Sebagai putri tunggal Bapak dan Ibu nya, Asih memiliki tanggung jawab yang lebih besar dibandingkan kawan-kawan sebaya nya.
       Cantik, tubuh tinggi semampai, berotak cerdas, serta ulet dan tekun.
Segelintir sifat yang dapat menggambarkan Wayan Nariasih, anak semata wayang dari Made Jagra dan Nengah Sulini.
Banyak pemuda yang berusaha mendapatkan hati sang gadis Bali ini. Namun, si gadis, hanya memamerkan sederet gigi rapinya ketika disapa para pemuda, entahlah, simbol apa yang sedang tersirat diraut wajahnya.
       Ternyata, hidupnya tak sesempurna fisiknya.
Beban berat selalu menggelayuti pundak Asih.
       “Tamat SMA nanti, pasti tiang cuma nongos jumah. Buung tiang ke kota toh. Jauh harapan tiang dadi psikolog.” Curhat Asih pada salah satu sahabatnya.
Adi keto, Sih ? Ibu kan ngemang. Jangan dah tu pikir.” Yastini akhirnya menimpali.
“Ibu setuju gen. Bapak……” nada Asih melemah.
Hyang Widhi punya jalannya, Sih.” Tutup Yastini.
       “Jangan! Sekali enggak tetep enggak. Suud ngelawan rerama.”
Begitu keras prinsip Bapak, sampai Asih bahkan ibu pun tak berdaya.
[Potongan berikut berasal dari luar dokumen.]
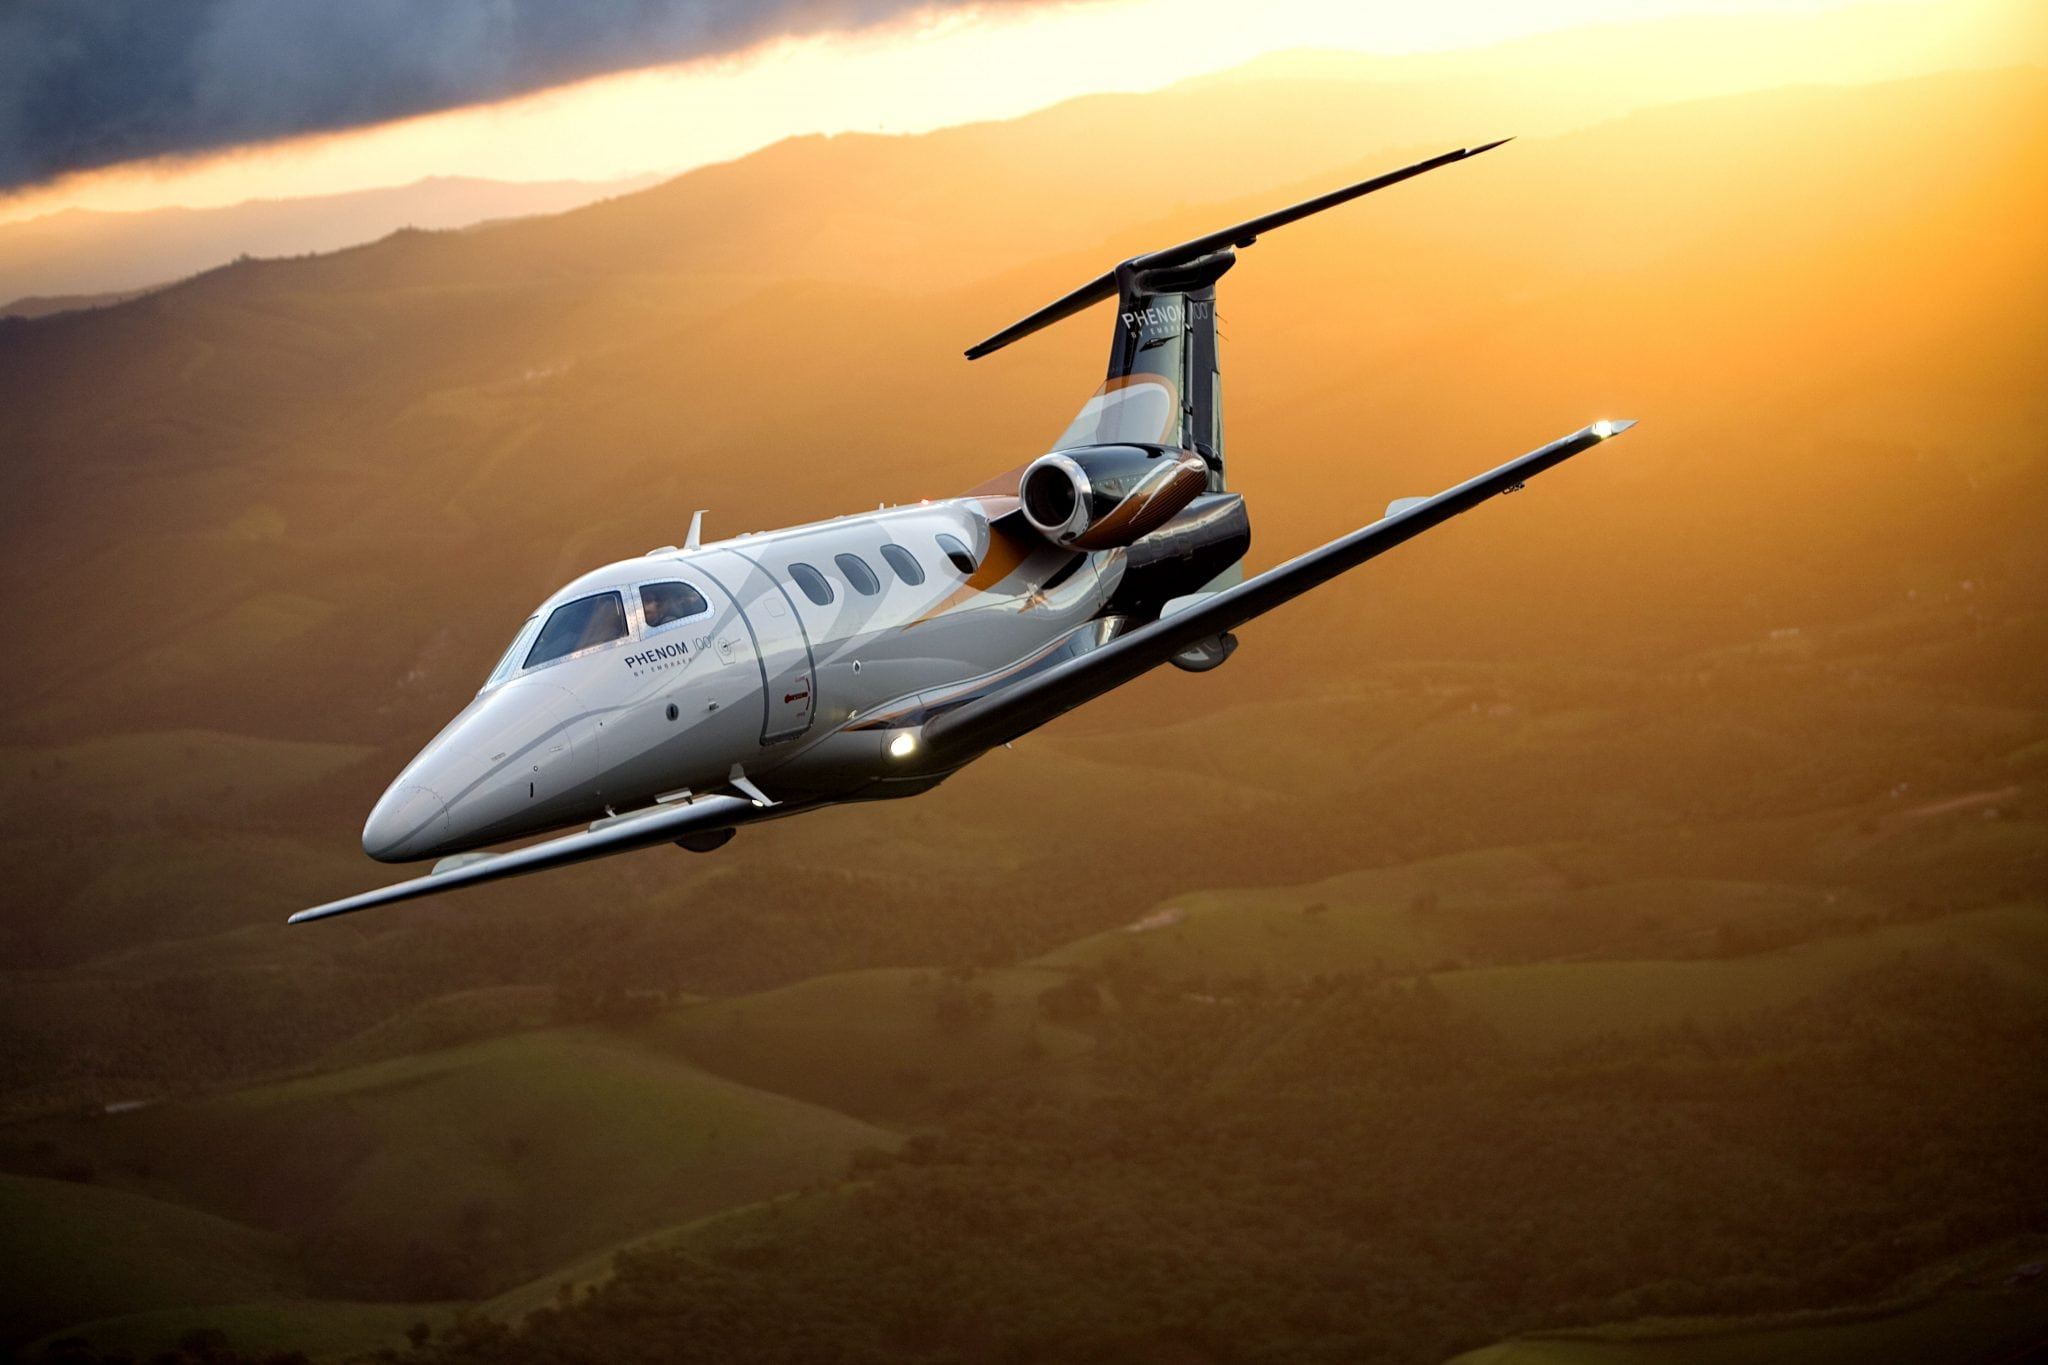 Embraer Phenom 100 business aviation jet

“Tapi Pak, Asih punya cita-cita. Sekarang jaman udah maju. Gadis Bali, tamat SMA bukan untuk di dapur. Tapi megae Pak, berkarier. Berlomba-lomba jadi orang sukses.
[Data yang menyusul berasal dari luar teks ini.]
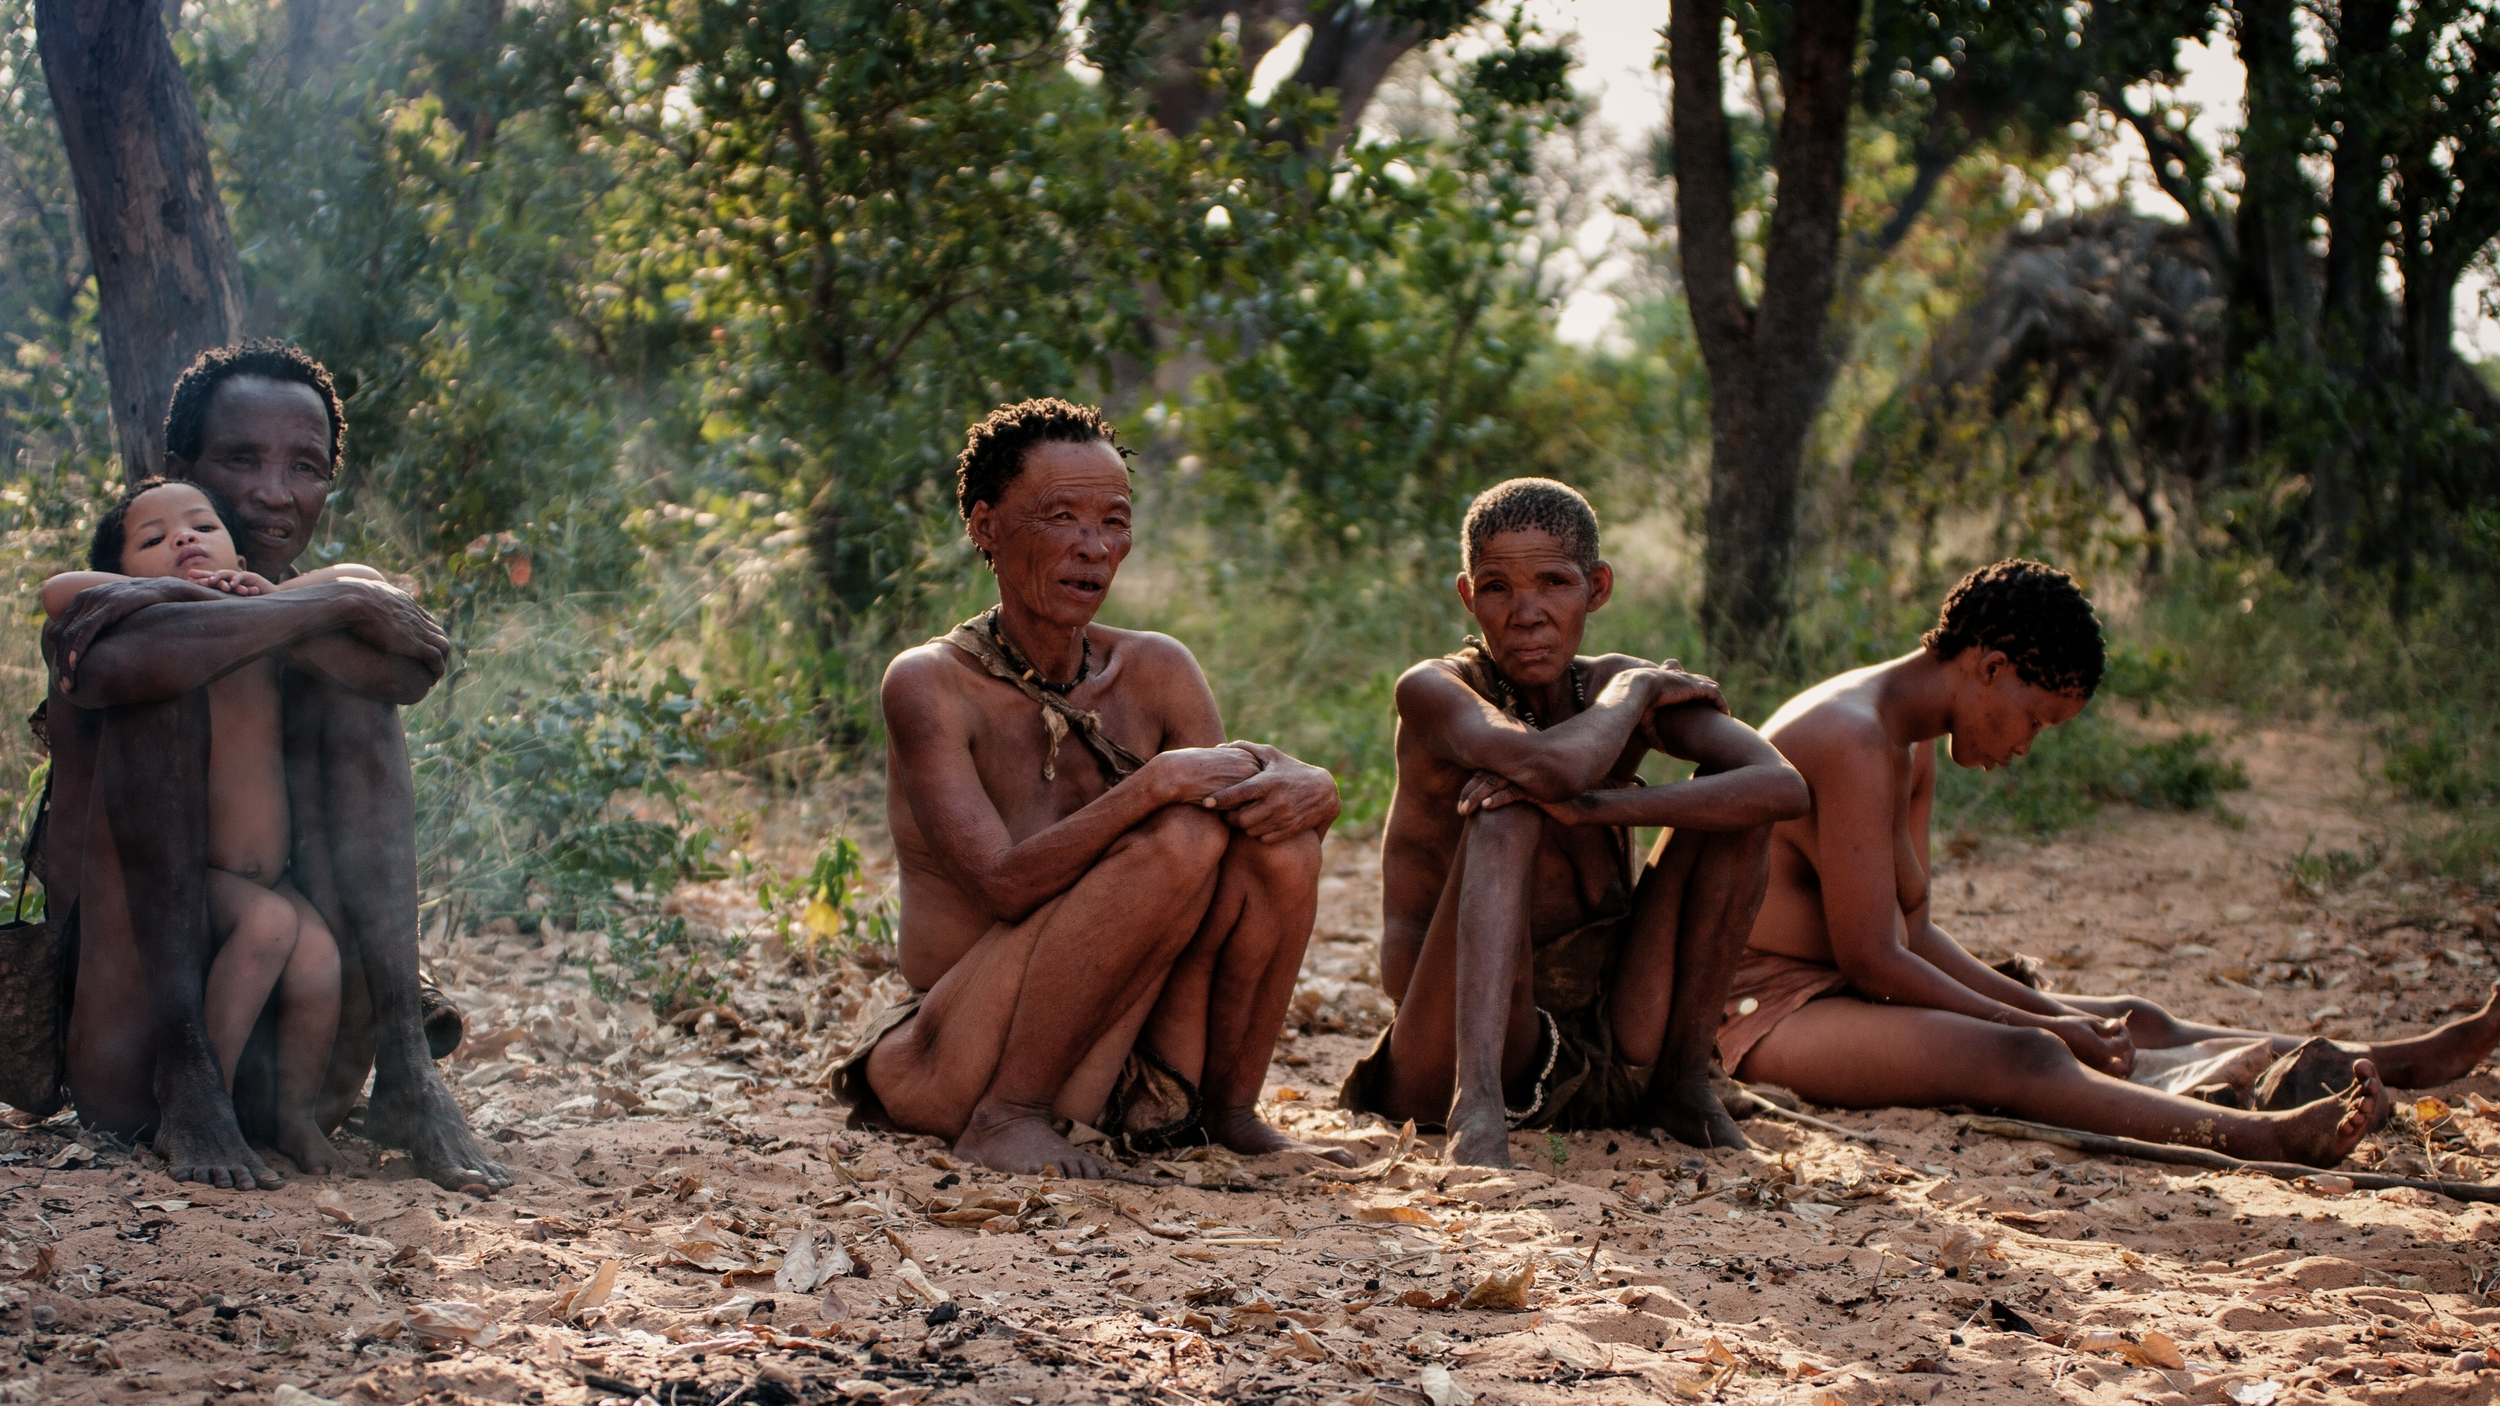 TSUMKWE, NAMIBIA

Percuma sekolah kanti SMA, kalau ujungnya ngaet bawang, kesuna, tabia.”
“Bapak tau yang terbaik. Asih cukup di rumah. Jangan mileh-mileh pesu. Masak, nyampat, mejaitan. Keto arus ne.
Berkarier cuma untuk dikota. Kita hidup didesa. Cukup disini aja. “
“ Pak ! enggak adil ini namanya. Hidup dan besar, memang di desa. Tapi peruntungan, bisa dicari di kota. Asih cuma belajar disana. Kuliah.
Astungkara langsung dapet kerja. Enggak mungkin Asih engsap sama Bapak, Ibu.”
Bapak memilih pergi. Tidak mengindahkan airmata Asih yang sudah hampir mongering di pipinya.
Asih memandang lesu punggung Bapak yang semakin jauh, dan menghilang dibalik pohon.
       Pengumuman sudah tersebar luas.
Seluruh siswa kelas XII di sekolah tempat Asih belajar ternyata lulus Ujian Nasional. Semua bersukacita. Tak terkecuali Asih, ia tetap berdiri teguh pada keyakinannya untuk mulai kuliah di kota. Rupanya keinginan tak mampu ia bendung lagi.
“Terserah apa kata Bapak, yang penting tiang berangkat.” Satya Asih dalam hati.
       Wajah Asih berubah pucat, ketika mendapati Bapak tertidur lemas diatas ranjangnya.
“Setelah kamu berangkat sekolah, Bapak langsung ke kamar, Sih. Katanya kenyel. Makanya langsung tidur. Tadi siang, Ibu bangunin, ternyata badan Bapak panas sekali. Kata Bli Rantun, Bapak kena gejala demam berdarah.
Ibu takut, Sih….”
Asih tak mampu berujar apapun menanggapi perkataan Ibu.
Hasil ujiannya pun urung ia bagikan.
       “Bapak sakit, Tin.”
“Iya, Sih. Kemarin Bapakku cerita. Dari kapan sih ?”
“Udah dari tiga hari yang lalu. Lagi panes, lagi dingin. Aku enggak ngerti, Tin. Penyakit Bapak aneh. Perasaanku enggak enak.”
“Tiga hari yang lalu…….tunggu dulu….” Yastini menghentikan suaranya.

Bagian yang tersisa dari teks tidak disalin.